The Conservation Law Foundation has urged the government to drop 2012 catch limit for Gulf of Maine cod well below the interim figure of 6,700 metric tons that has been announced informally by the acting NOAA Fisheries administrator as the maximum level under consideration.
Instead, CLF implicitly recommends setting the 2012 allowable catch about 4,000 metric tons, a level that would ensure against dropping the spawning stock biomass below 7,300 metric tons, which was the lowest ever recorded, in 1999.
The 2010 spawning stock biomass was 11,868 metric tons in the 2010 NOAA Science Center assessment that set off the cod crisis.
CLF noted that the government has estimated a catch level of 6,700 metric tons produced more than a 31 percent chance that the catch would push the inshore cod biomass below the lowest level ever.
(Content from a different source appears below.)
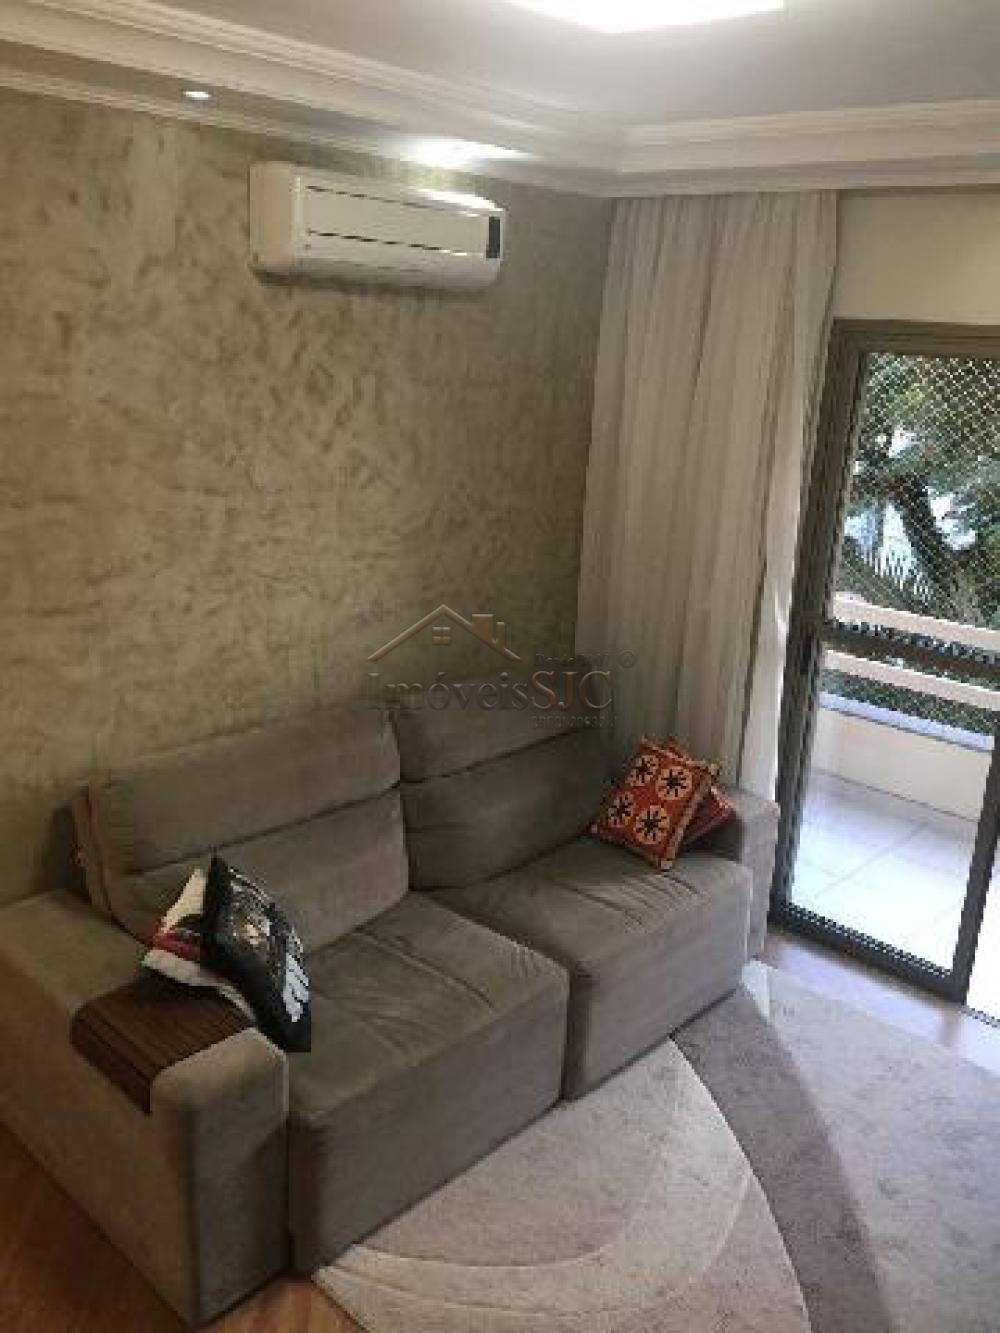 Alugar Apartamentos / Padrão em São José dos Campos apenas R$ 1.600,00 - Foto 2

The 6,700 metric ton figure represents a 22 percent cut from projected landings in the 2011 fishing year ending April 30. Setting the limit at 4,000 metric tons would mark a cut of 47 percent from the current year.
Moreover, CLF, which has become the lead environmental non-government organization in the cod crisis, contends that allowing that much inshore cod to be landed in the coming fishing year would force regulators to make far more drastic cuts in 2013.
CLF also outlined a series of proposed management measures designed to protect the stock and the dayboat fleet that depends on it, including "trip limits on Gulf of Maine cod" and barring boats from landing inshore and offshore cod in the same trip.
David Pierce, Massachusetts' representative on the New England Fishery Management Council, also made the case for protecting the inshore boats from the bigger "trip boats" which have been trawling in Stellwagen Bank, the most productive inshore grounds.
The Boston-based organization is also endorsing the need for a federal "economic disaster" declaration.
In November, before the arrival of the cod crisis, Gov. Deval Patrick, backed by the congressional delegation, filed socio-economic research evidence showing that the fishery was consolidating into an economic disaster through the National Oceanic and Atmospheric Administration's catch share system, which is steering more and more permits and quota into the hands of fewer and larger businesses, and away from smaller, independent boats. NOAA's own figures show that Gloucester's fleet lost some two dozen of its estimated 96 boats in the 2010 to 2011 fishing year alone.